Information provided:
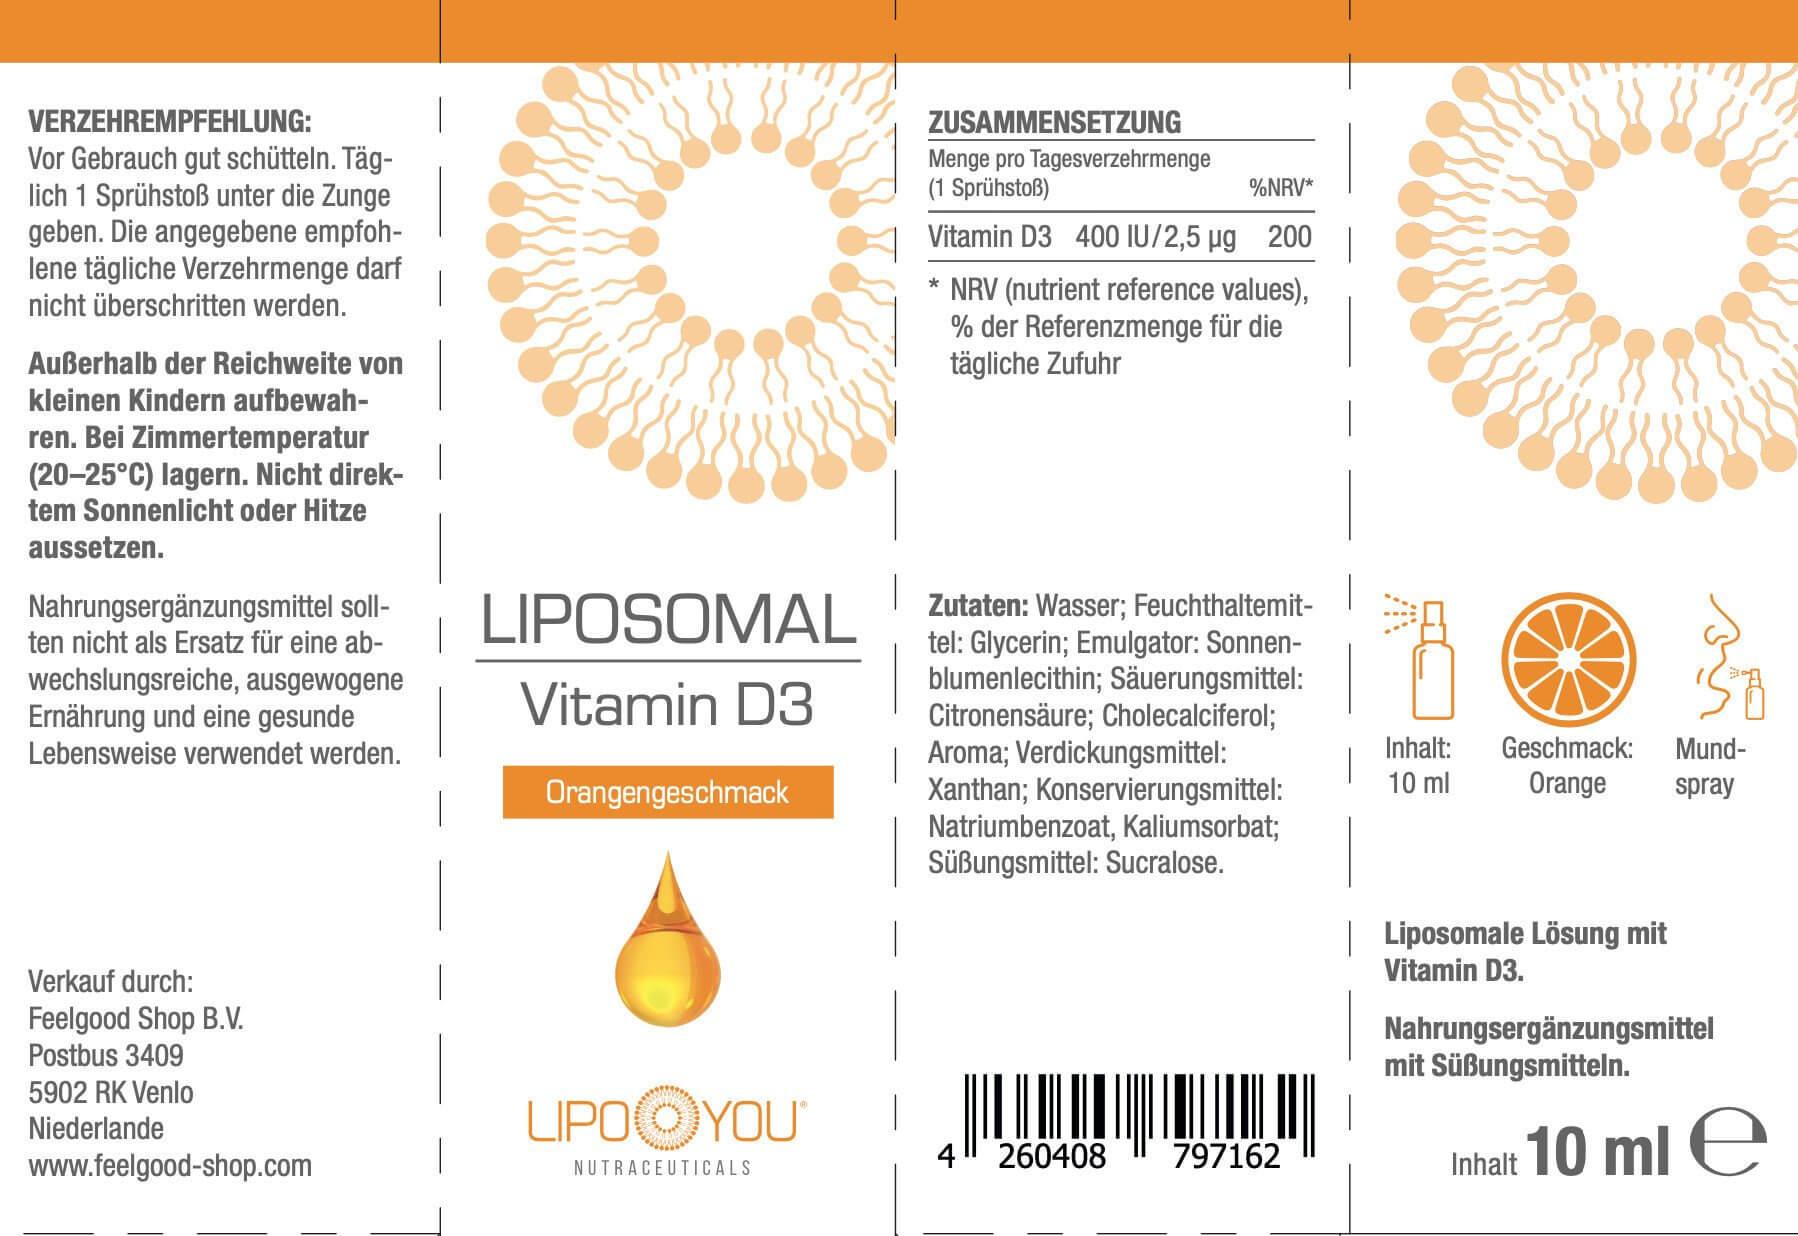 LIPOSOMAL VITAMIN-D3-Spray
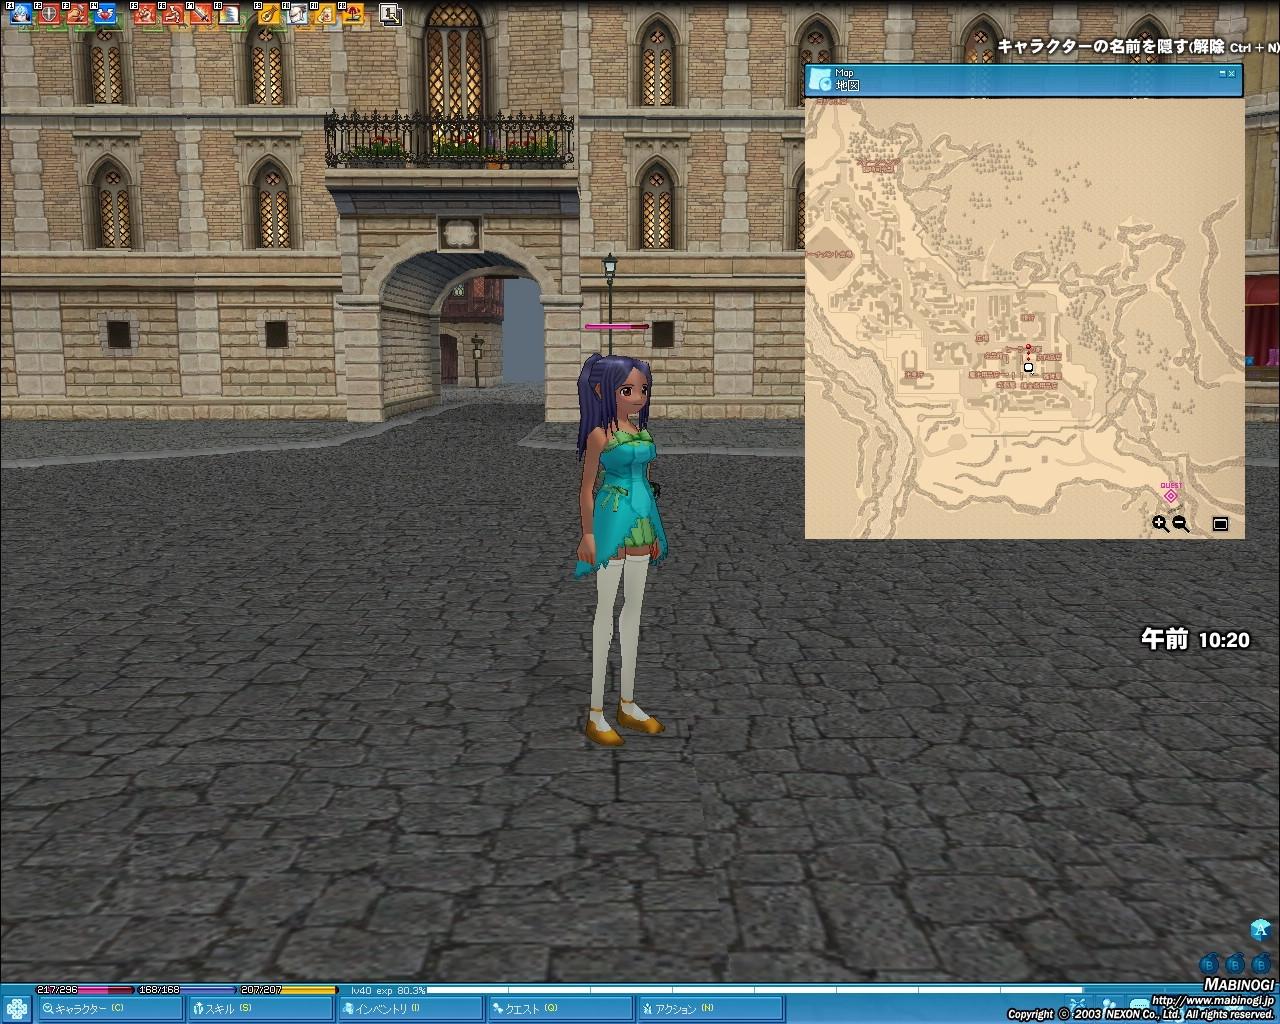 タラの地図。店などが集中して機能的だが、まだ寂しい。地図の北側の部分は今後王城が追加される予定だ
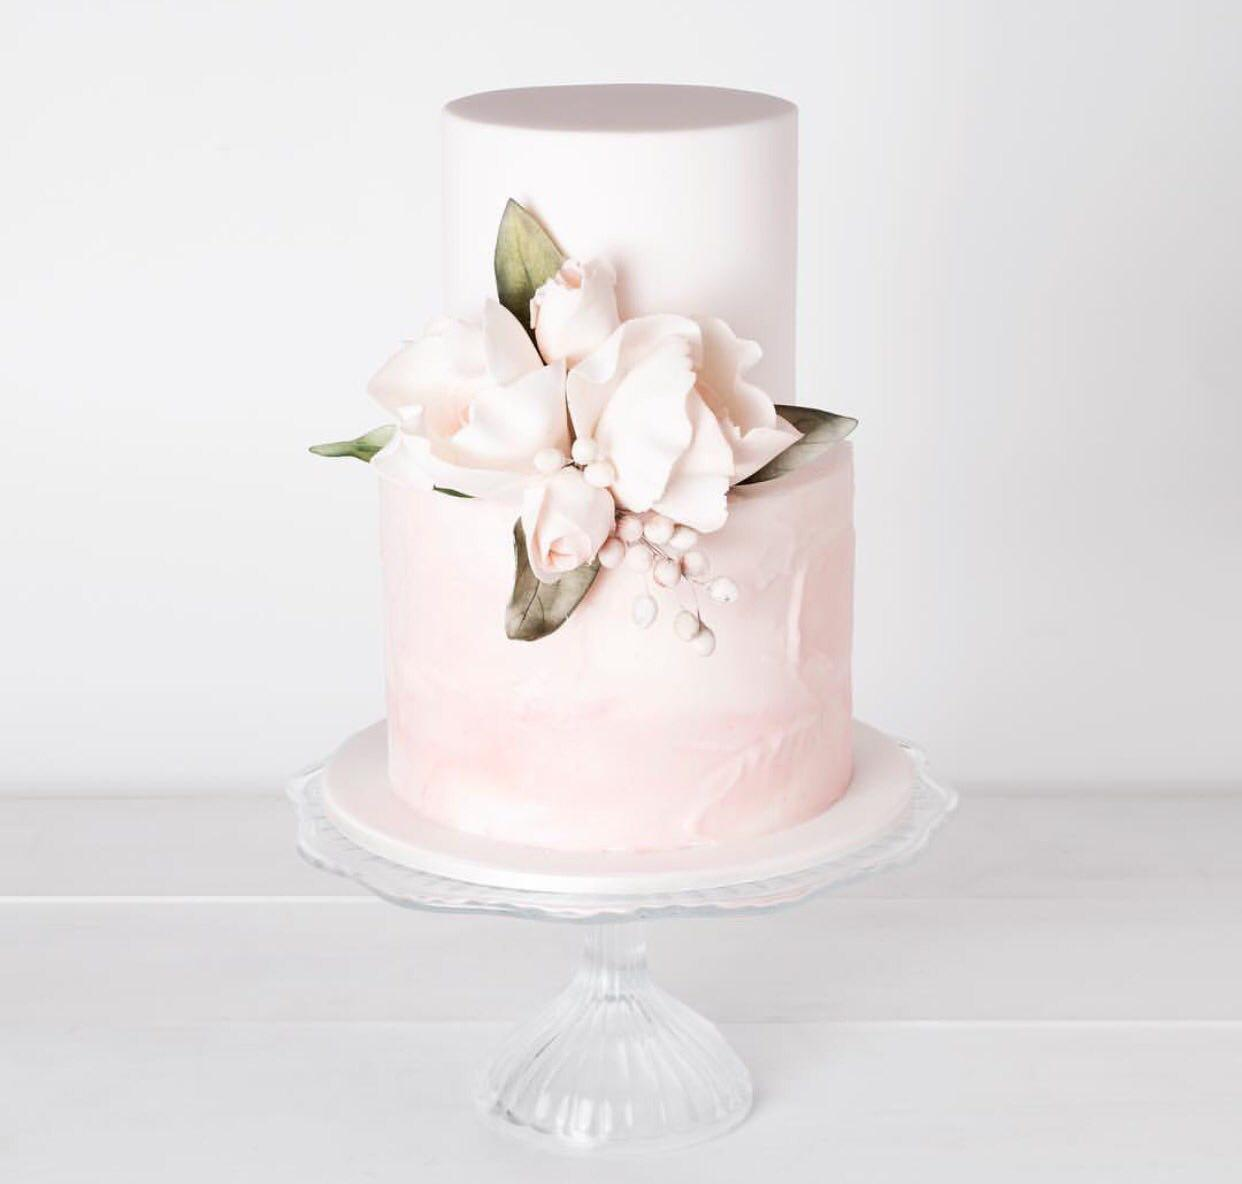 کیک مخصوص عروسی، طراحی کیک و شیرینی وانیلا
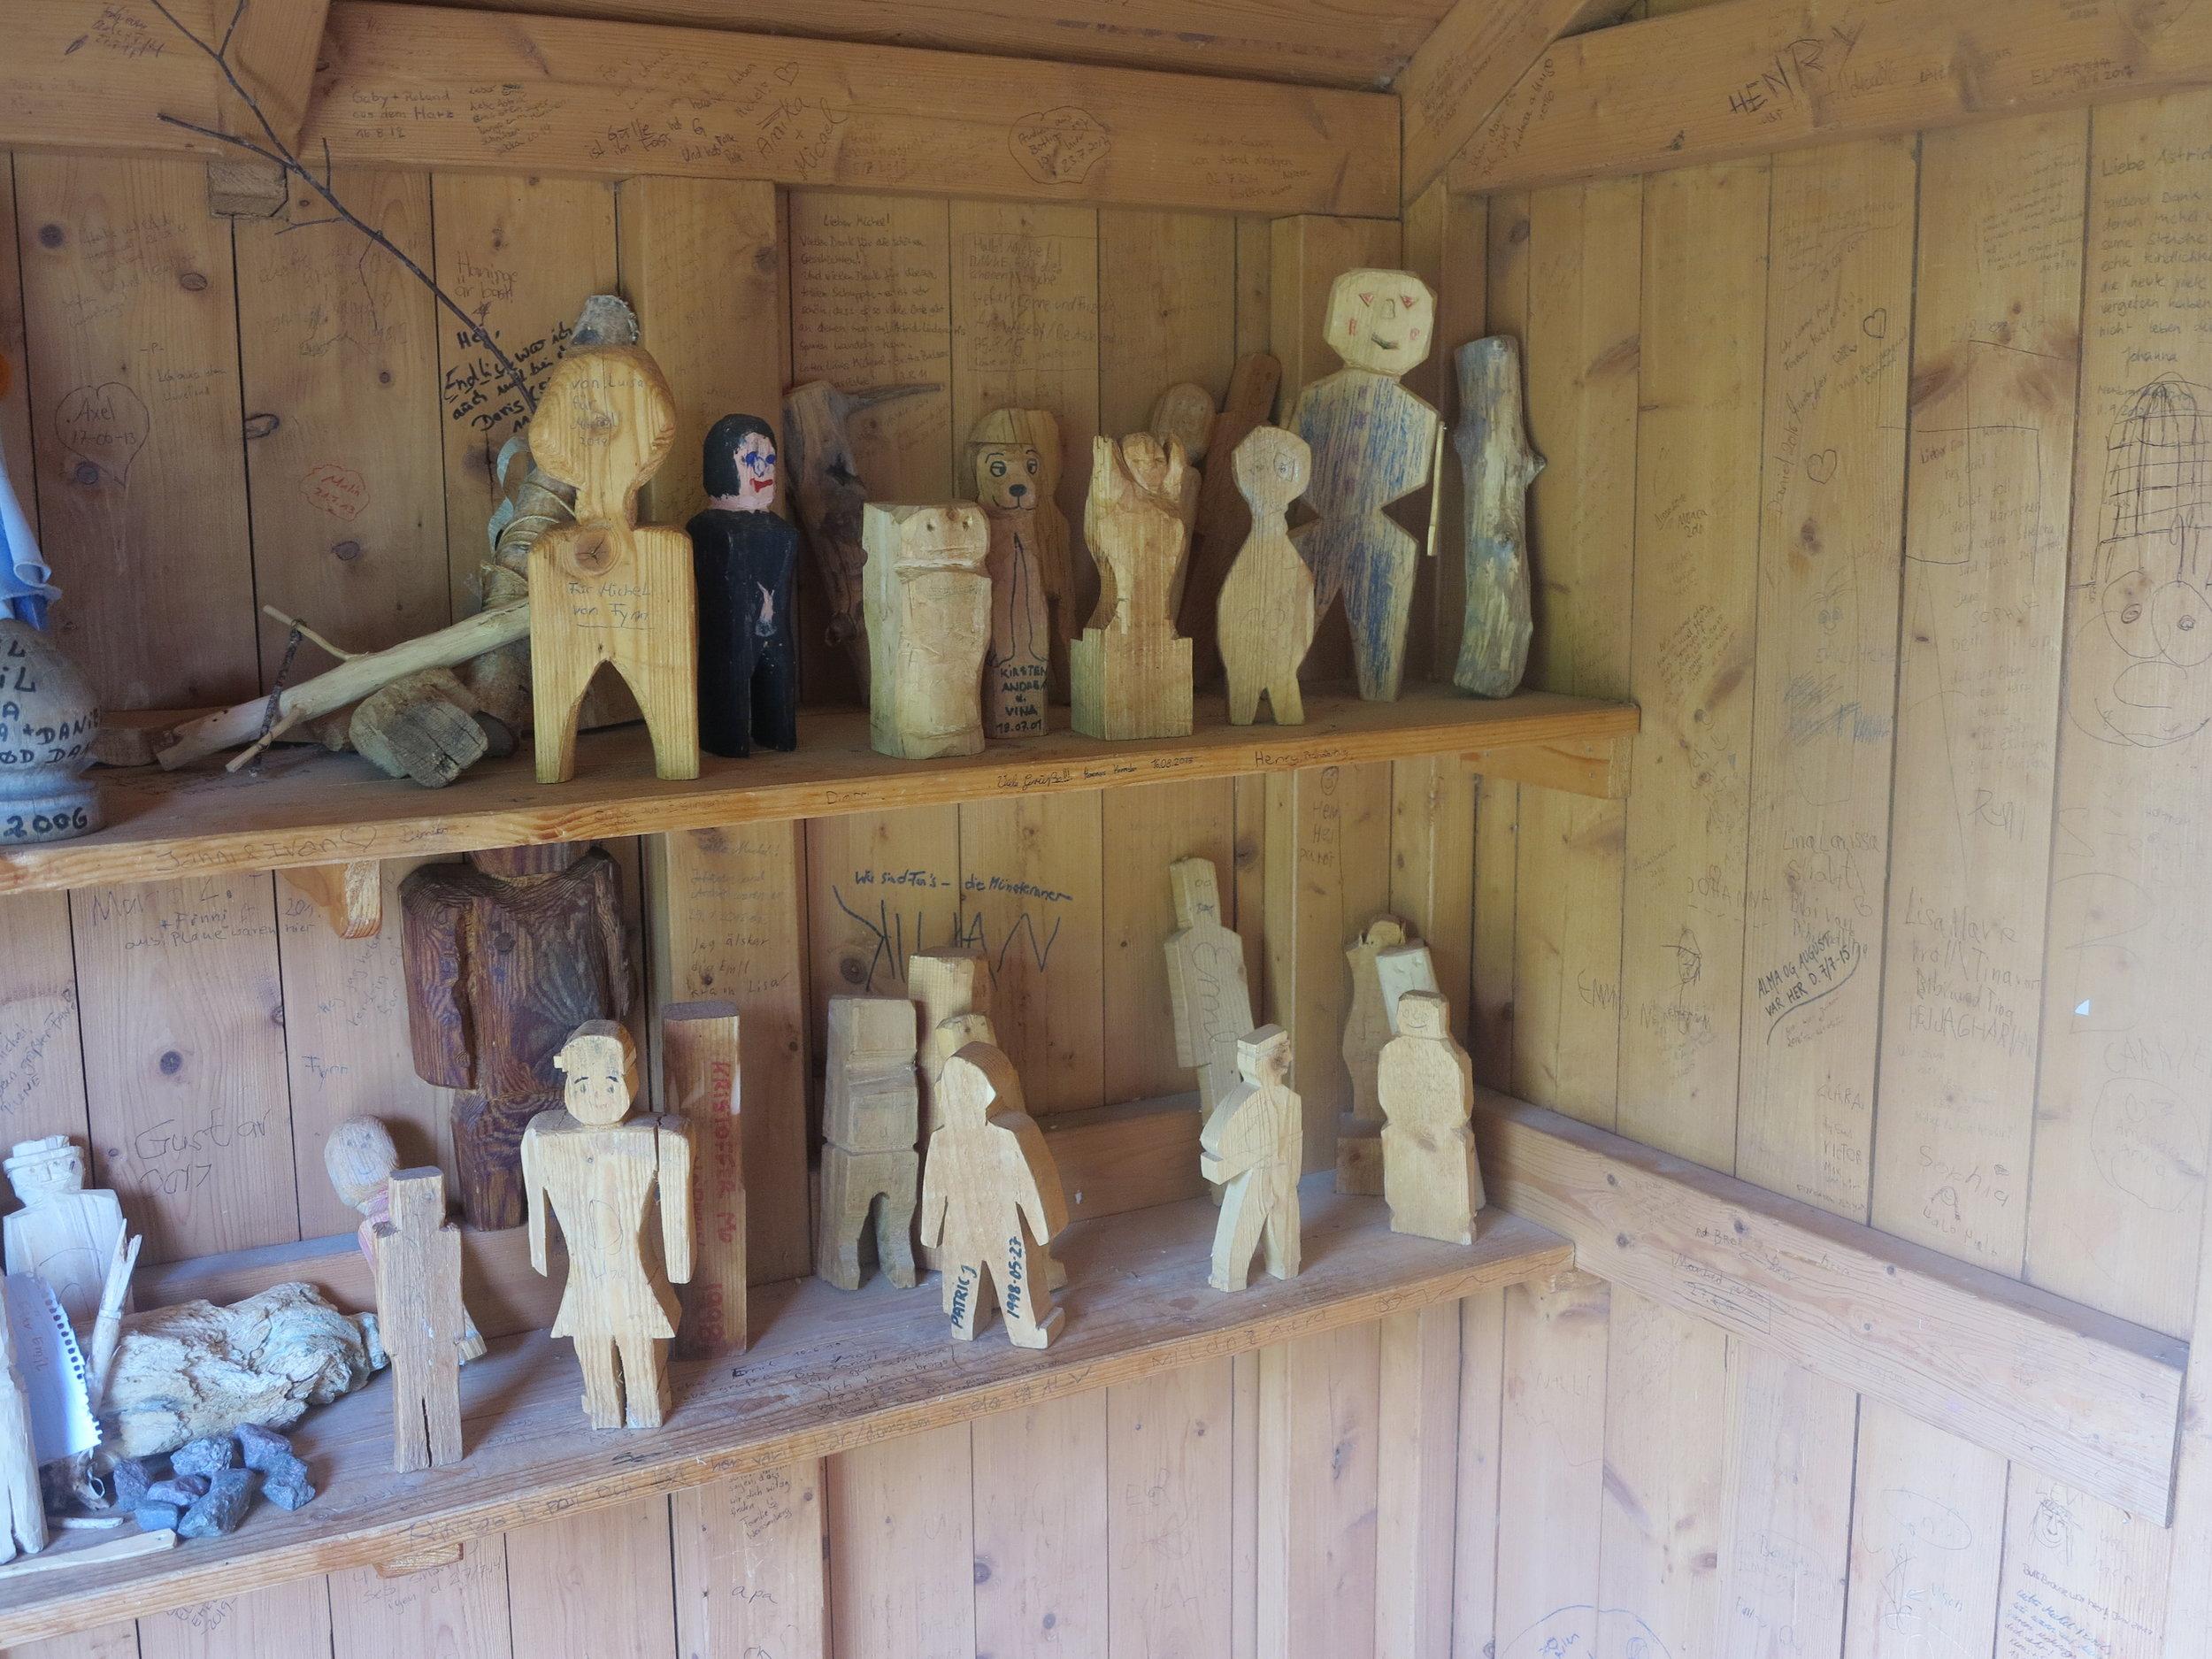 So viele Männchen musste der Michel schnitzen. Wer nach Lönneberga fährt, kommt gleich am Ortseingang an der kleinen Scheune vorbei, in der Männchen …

Your instructions:
The reply should contain all of the data above, word for word, with no pictures.

Response for this exercise:
 LIPOSOMAL VITAMIN-D3-Spray
 タラの地図。店などが集中して機能的だが、まだ寂しい。地図の北側の部分は今後王城が追加される予定だ
 کیک مخصوص عروسی، طراحی کیک و شیرینی وانیلا
 So viele Männchen musste der Michel schnitzen. Wer nach Lönneberga fährt, kommt gleich am Ortseingang an der kleinen Scheune vorbei, in der Männchen …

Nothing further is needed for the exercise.